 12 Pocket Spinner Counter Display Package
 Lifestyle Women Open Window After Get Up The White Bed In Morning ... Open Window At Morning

---

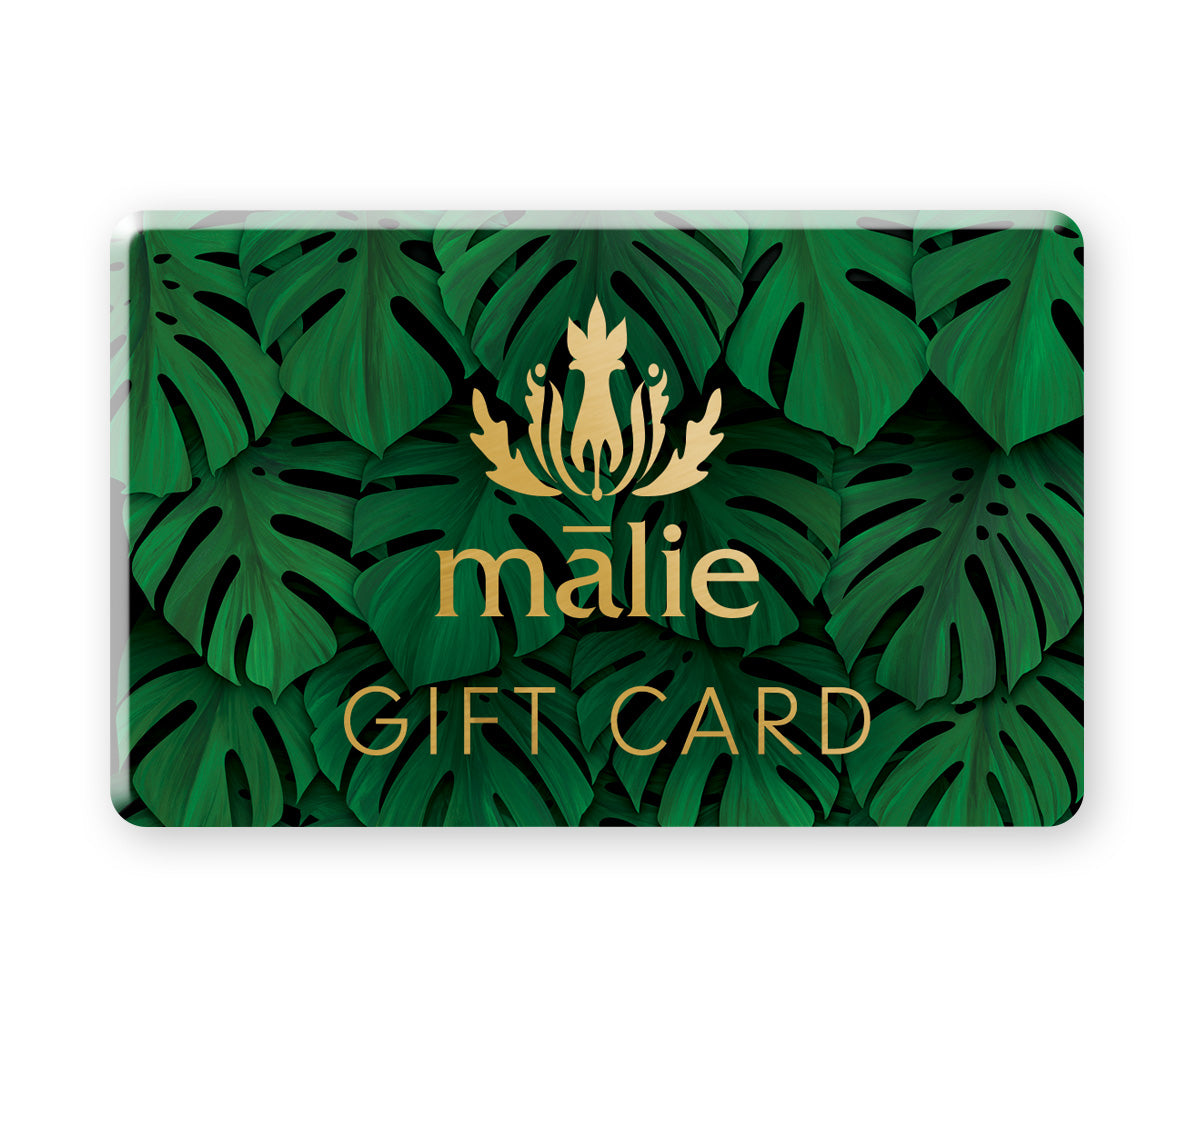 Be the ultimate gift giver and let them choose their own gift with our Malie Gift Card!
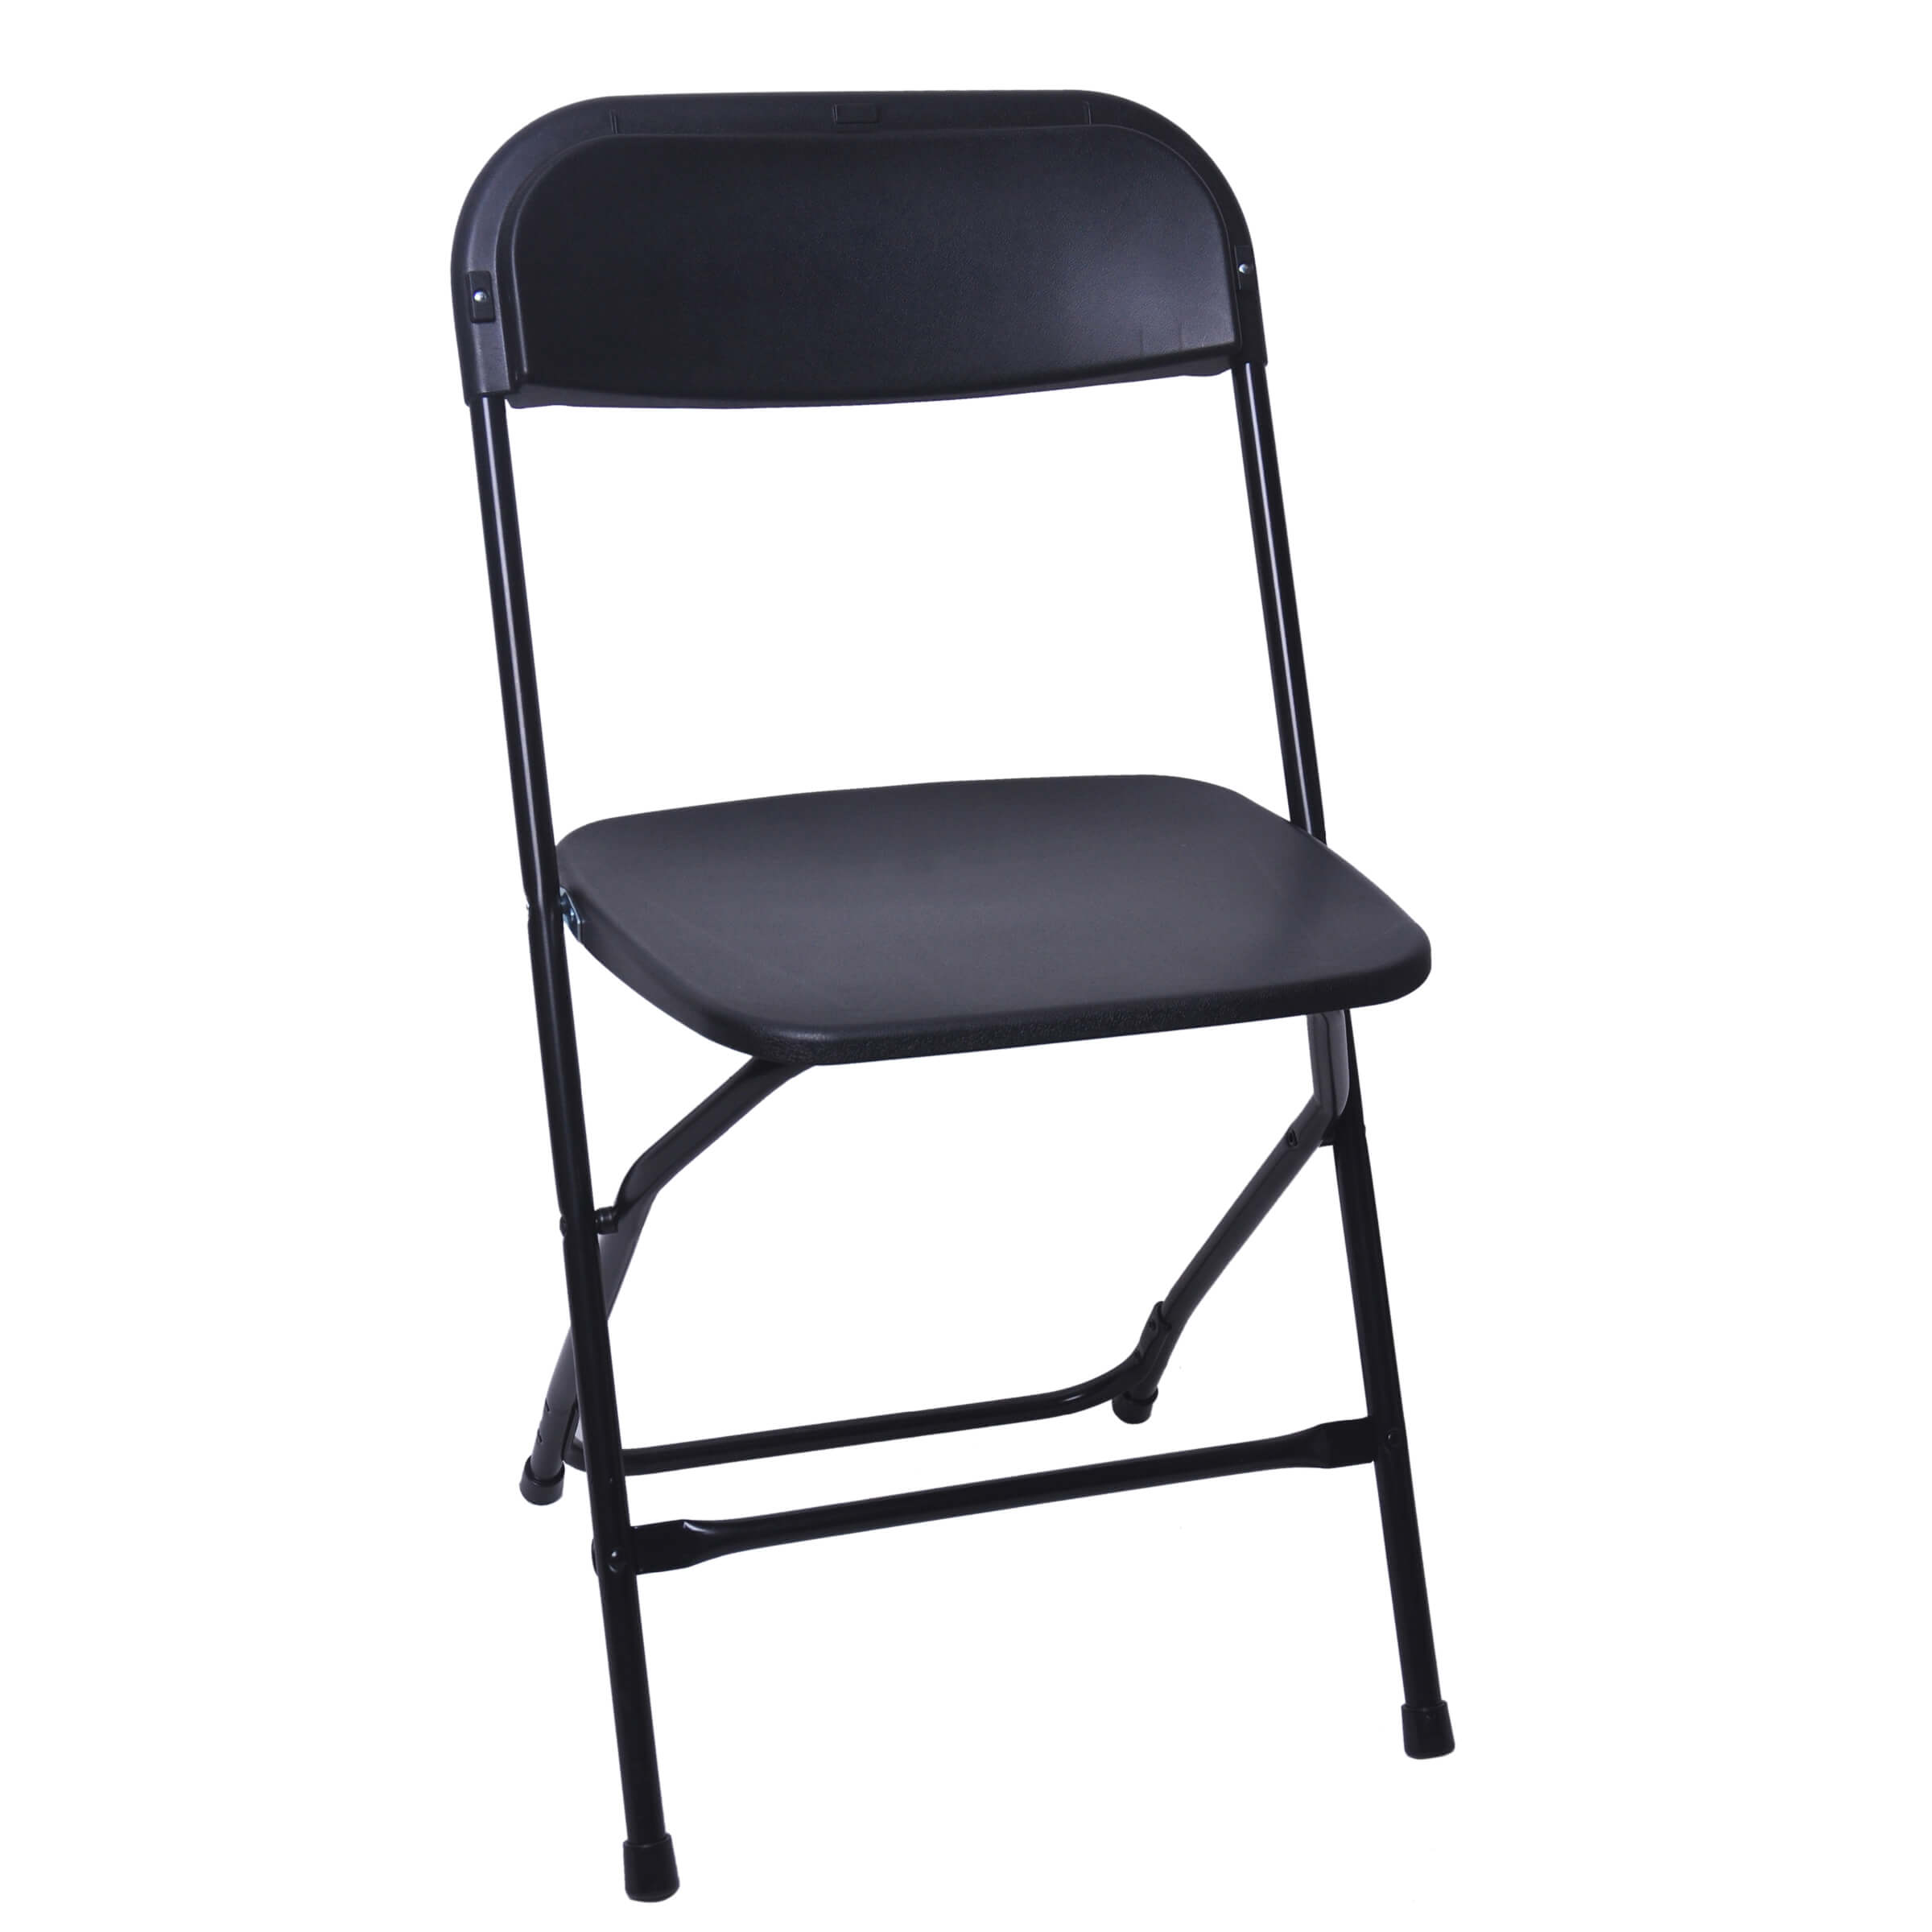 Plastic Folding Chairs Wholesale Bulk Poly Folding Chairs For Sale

---

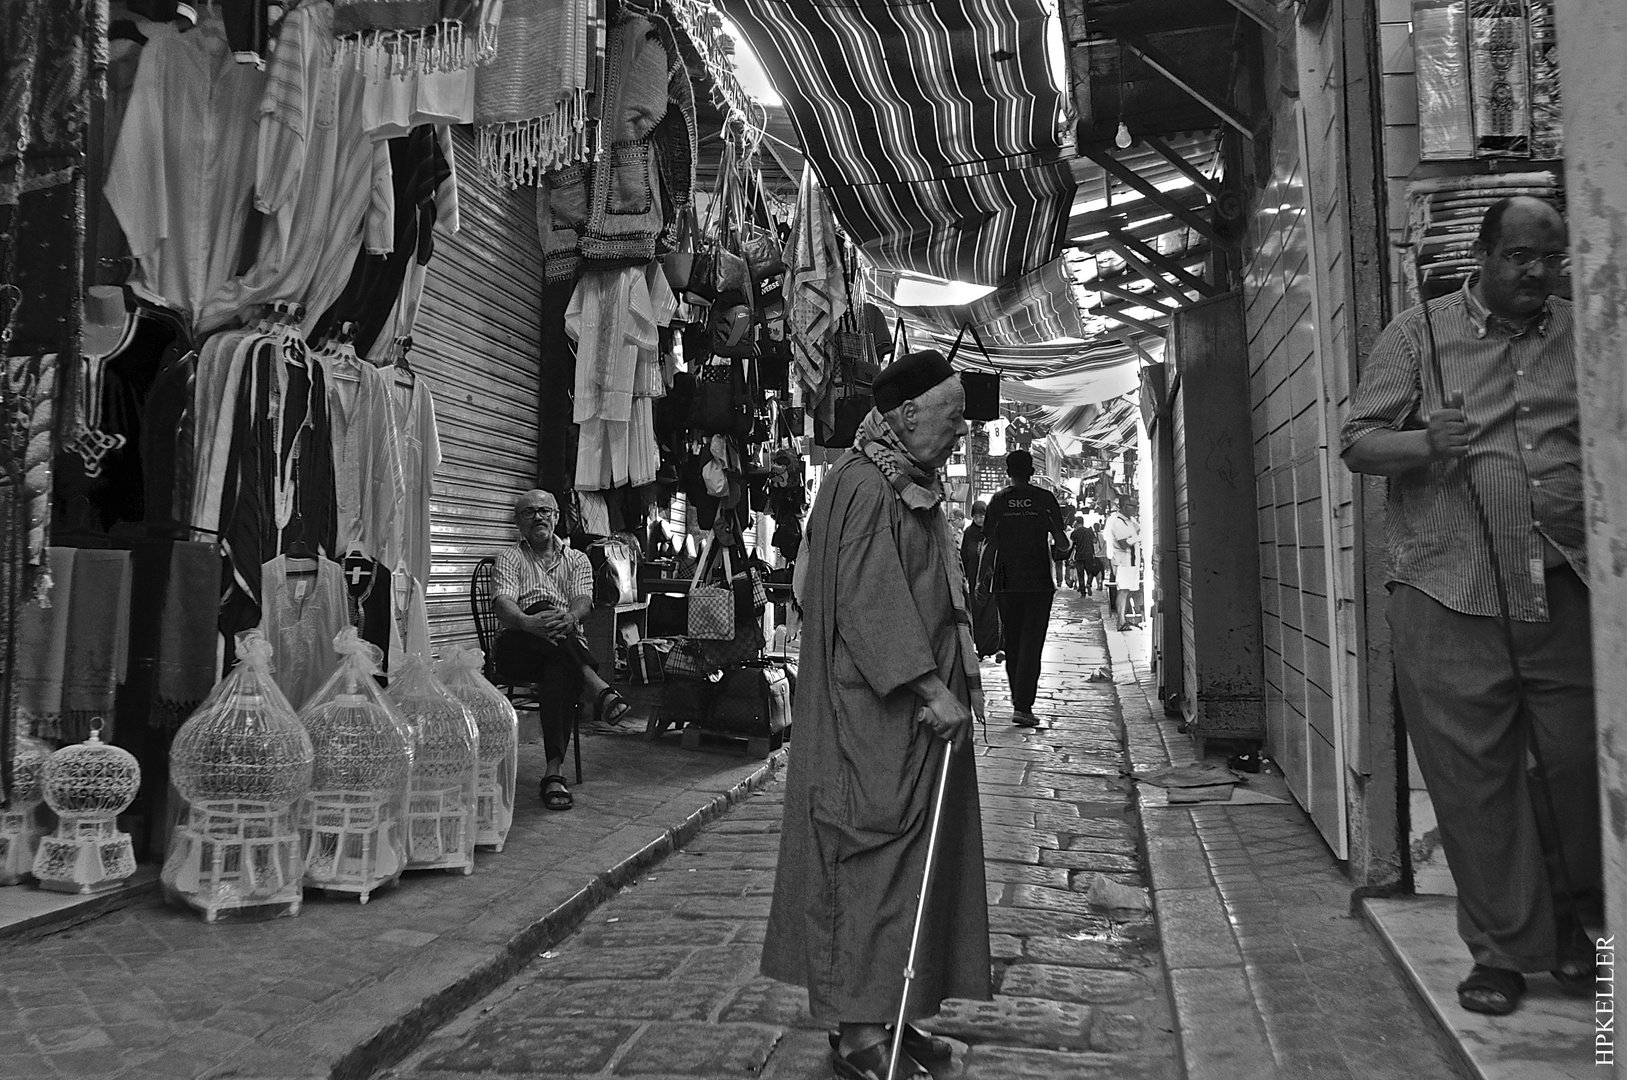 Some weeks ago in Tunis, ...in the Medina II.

• WHAT YOU NEED TO DO
Your answer must be the lines above from the one containing "12 Pocket Spinner Counter Display Package" to the one containing "Lifestyle Women Open", both included, restated word for word.

• WRITTEN ANSWER
 12 Pocket Spinner Counter Display Package
 Lifestyle Women Open Window After Get Up The White Bed In Morning ... Open Window At Morning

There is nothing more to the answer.